Watermarking 3D mesh by spherical parameterization

Abstract

In this paper, a robust 3D trianglular mesh watermarking algorithm is presented by applying spherical parameterization. First, we transform the coordinate signals of the 3D triangular mesh into spherical signals using a global spherical parameterization and an even sampling scheme. Then, spherical harmonic transformation is used to generate some data for embedding watermarks. As a result, the watermarks can be embedded in the Fourier-frequency domain of the original mesh. Experimental results show that our watermarking algorithm is robust since watermarks can be extracted without mesh alignment or re-meshing under a variety of attacks, including noise addition, crop, filtering, enhancement, rotation, translation, scale and re-sampling.

Introduction

Currently, watermarking technology focuses on media types such as still images, audio and video streams [1], [2], [3], [4], [5], [6]. The problem of watermarking 3D models, on the other hand, has received less attention from researchers. However, as more and more CAD-based 3D data are entering the World Wide Web, it is inevitable that companies or copyright owners who present or sell their products in the virtual space will face copyright-related problems. A logical demand from these companies would be preventing their 3D-based material from unauthorized use. Digital watermarking will possess extensive application perspective in this area.

In comparison to audio, video, and still-image data, some challenges exist for watermarking 3D mesh models [7], [10]. For example, arbitrary meshes lack a natural parameterization for frequency-based signal processing, and thus they cannot adopt the corresponding image watermarking algorithms that are based on the frequency domain, such as the wavelet transforms and the Fourier transforms which most image watermarking algorithms are based on.

There are two kinds of 3D mesh watermarking algorithms that are similar to image watermarking. One is based on the spatial domain [7], [8], [9], which provides many insights into mesh watermarking but the techniques are not yet robust enough. For example, these algorithms cannot withstand the attacks of noise addition and cropping operations.

The other is on the “frequency” domain [10], [11], [12], [13], [14], [15]. Praun and Hoppe [10] modified the shape of the mesh by a spatial kernel to embed information in the “low-frequency” component of the shape. However, the watermarks are real numbers sampled from a Gaussian distribution. Kanai et al. [11] were the first to apply a transformed-domain watermarking approach on 3D meshes—a robust, blind-detection watermarking algorithm that works in the mesh's wavelet-transformed domain. However, the method requires the mesh to have 1–4 subdivision connectivity. Yin et al. [12] reported an informed-detection, robust mesh-watermarking algorithm that worked in a transformed domain. The algorithm is based on a multi-resolution decomposition of polygonal mesh shapes proposed by Guskov et al. [13]. However, registration and resampling are needed to bring the attacked mesh model back into its original location, orientation, scale, topology and resolution level when the watermarked mesh is cropped or similarity transformation. Recently, Ohbuchi et al. [16] presented an algorithm based on their previous works [14] in an attempt to watermark much larger meshes within a reasonable time. Although the watermarking is more robust against connectivity alteration, cropping, mesh simplification and smoothing, it still left some space for improvements. For example, watermark extraction requires a lot of information such as the original mesh, the patch key and the information that uniquely determines the partitioning of the original mesh. Mesh alignment and re-meshing are also needed during watermarks extraction.

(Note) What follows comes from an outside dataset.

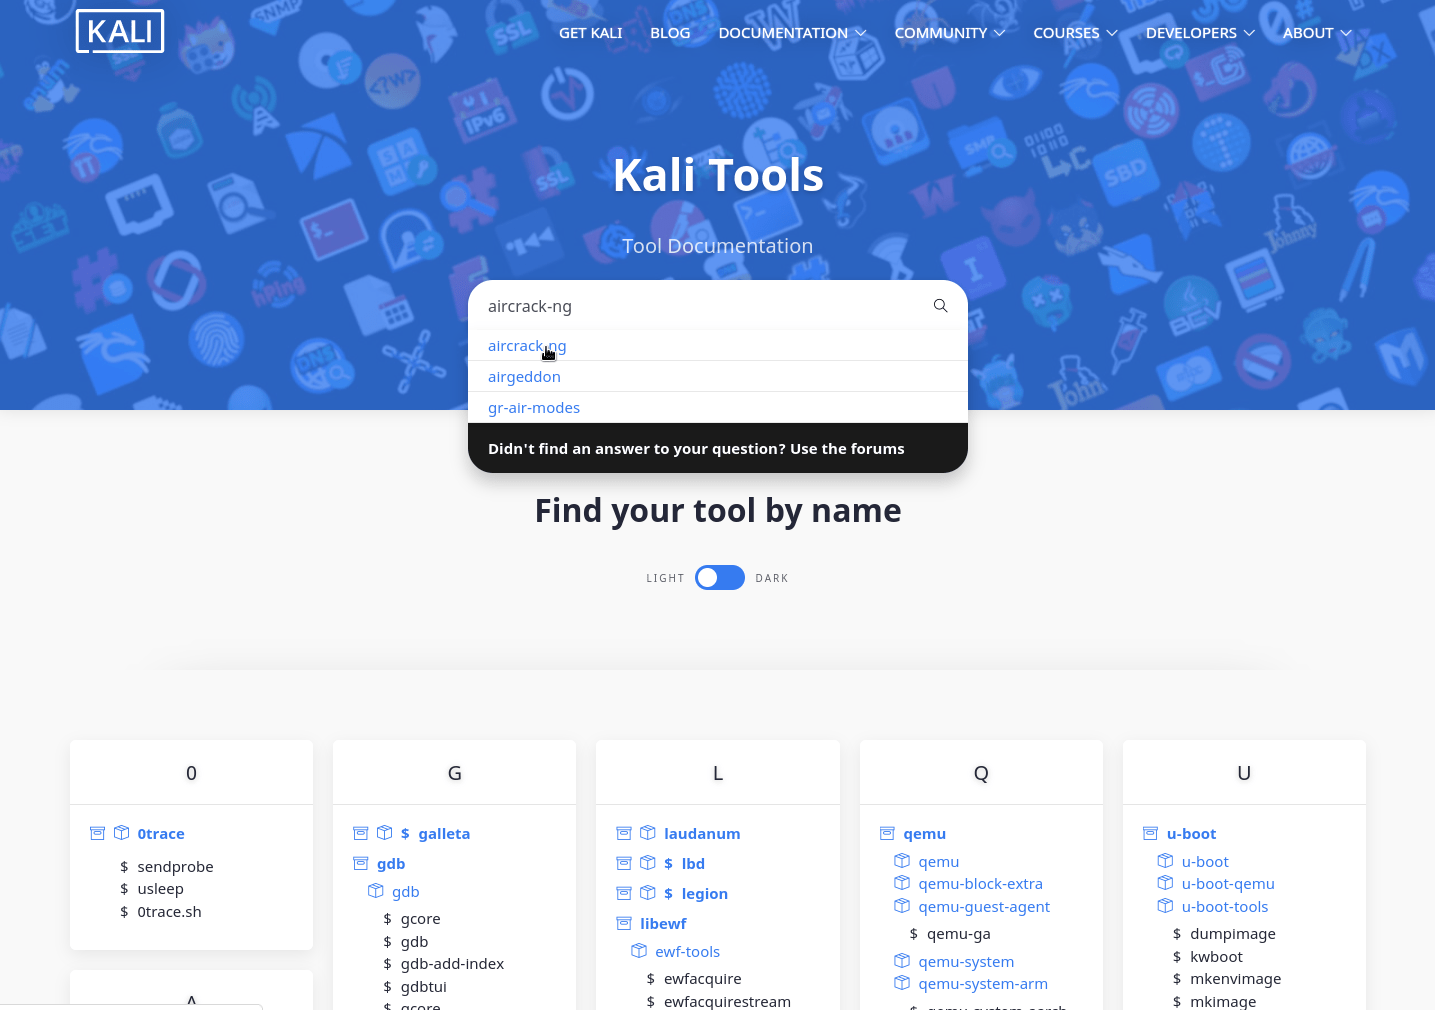 Kali Linux 2021.3 Release (OpenSSL, Kali-Tools, Kali Live VM Support, Kali NetHunter Smartwatch) | Kali Linux Blog

In this paper, a new 3D mesh watermarking algorithm is developed using spherical parameterization. The spherical parameterization make the coordinate information of 3D meshes defined on a sphere in order to embed watermarks by spherical harmonic transform. The spherical harmonic transform is widely used in broad area of earth science, which really is the combination of Fourier transform in longitude and latitude transform in latitude [16]. Therefore, the spherical harmonic transform is introduced to analyze and synthesize spherical geometric signals, which made it possible to embed watermarks in the Fourier frequency domain of the original 3D mesh. So, our algorithm is robust to some attacks. However, these transformations can bring serious distortion to the watermarked mesh. Thus, we also use some methods to weaken the distortion, including reordering the vertices of the original mesh, modifying the watermarked 3D mesh to decrease the distortion during embedding watermarks, magnifying the watermark information of the 3D mesh during watermark extraction and coding watermarks in some particular ways.

As a result, our algorithm is proved to be strong to some attacks including noise addition, filtering, enhancement, rotation, translation and resampling without the need of mesh alignment and re-meshing. It is also robust to attacks of cropping, vertex reordering and simplification with preprocessing. In addition, only the spherical parameterization data of the original mesh is required while extracting watermarks.

In Section 2, the mesh watermarking algorithm is described in detail. Sections 3 present experimental results and attack analysis. In Section 4, we draw a conclusion.